# Why is Graph Isomorphism downward self reducible?

To say that graph isomorphism is downward self reducible means the following: There is an algorithm which decided graph isomorhpism for two given graphs of n vertices in polynomial time by accessing an oracle that solves graph isomorphism for (n-1) vertices.

To be clear, the oracle only tells 'Yes' or 'No'. It does not give us the isomorphism.

This problem appears as an exercise in Arora-Barak's chapter on Interactive Proofs.

How do I show that Graph Isomorphism is downward self-reducible?

My attempt is to start with an arbitrary vertex in $$G_1$$ and guess its image in $$G_2$$, and remove them and make an oracle call on the remaining graph. But now, I do not know how to proceed. These graphs being isomorphic may not necessarily mean that the original graphs are isomorphic.

• I removed your "NP-complete" tag, since graph isomorphism isn't known to be NP-complete (and seems not to be -- if it were, the polynomial hierarchy would collapse). Apr 24 '19 at 13:30
• @Apass.Jack clarfied Apr 25 '19 at 19:18
• Does the "Chapter on Interactive Proofs" imply probabilistic methods? Although I believe graph isomorphism is deterministic downward self polynomial-time reducible, can you clarify that the definition in the book is indeed having nothing to do randomization or probability? I do not have the book. May 7 '19 at 4:52

This answer shows how to prove an easier variation, the case of (undirected loopless) multigraph isomorphism.

### The problem of multigraph isomorphism is downward self-reducible

The simple idea is to merge two vertices in a way that distinguish those two vertices and edges involving them.

Let $$G$$ be a multigraph. If the sum of degrees of two vertices reaches the maximum, we will call an ordered pair of those two vertices a degree-maximum pair. For a degree-maximum pair $$(u,v)$$, construct $$G_{u,v}$$ as follows.
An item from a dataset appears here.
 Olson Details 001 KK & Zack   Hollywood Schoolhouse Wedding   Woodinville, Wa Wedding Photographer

• Its vertices are all vertices of $$G$$ except $$u$$ and $$v$$, together with a new vertex $$u_v$$ which is understood as $$u$$ merged by $$v$$. Note that $$G_{u,v}$$ has one less vertice than $$G$$.

• Its edges consists of two parts.

• the edges of $$G$$ whose endpoints are neither $$u$$ nor $$v$$ with the same multiplicity. Let $$m$$ be the maximum multiplicity of these edges.
• for all vertex $$w$$ of $$G$$ that is neither $$u$$ nor $$v$$, edge $$\{w, u_v\}$$ with multiplicity that is the sum of the multiplicity of $$\{w,u\}$$ in $$G$$ and the product of $$m+1$$ and the multiplicity of $$\{w,v\}$$ in $$G$$.
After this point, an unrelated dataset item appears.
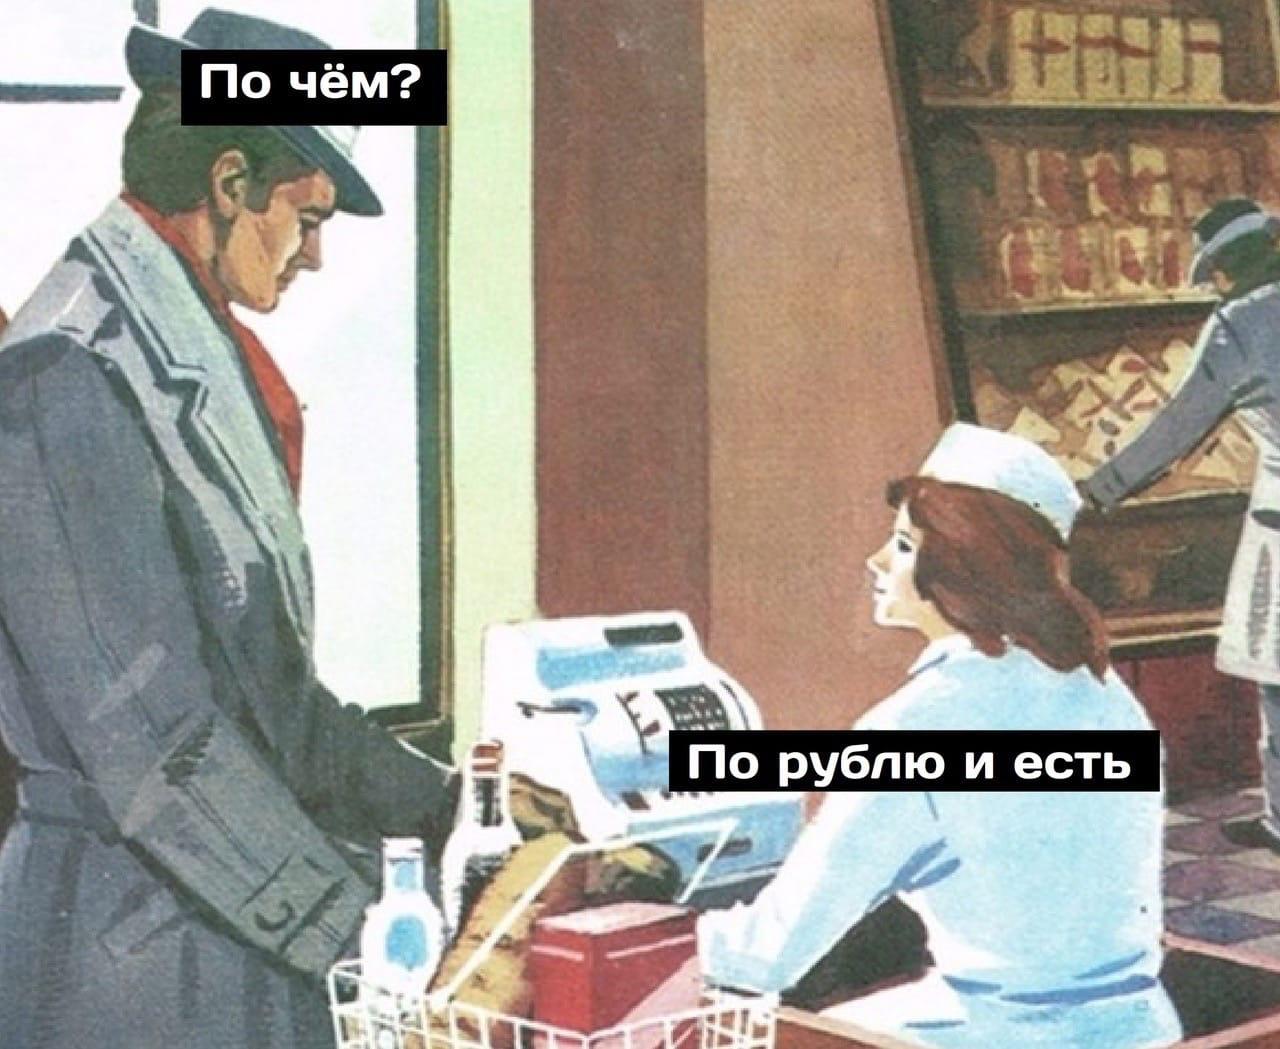 Конфеты по рублю

It is easy to see that if we are given a multigraph $$G'$$ that is isomorphic to $$G_{u,v}$$ for some multigraph $$G$$, we can reconstruct $$G$$ from $$G'$$ up to isomorphism.

Suppose we are given two graphs of $$n$$ vertices, $$G$$ and $$H$$. Use the oracle to compare $$G_{u,v}$$ with $$H_{x,y}$$ for all tuples $$(u,v,x,y)$$, where $$(u,v)$$ is a degree-maximum pair in $$G$$ and $$(x,y)$$ is a degree-maximum pair in $$H$$. Once the oracle return yes, we conclude $$G$$ and $$H$$ are isomorphic; otherwise the oracle always return no, in which case we conclude $$G$$ and $$H$$ are not isomorphic. It take polynomial time to construct $$G_{u,v}$$ from $$G$$ or $$H_{x,y}$$ from $$H$$. There are less than $$n^2$$ tuples. So the whole algorithm takes polynomial time. QED.

I am yet to find a proof that shows the problem of (non-multi)graph isomorphism is downward self-reducible.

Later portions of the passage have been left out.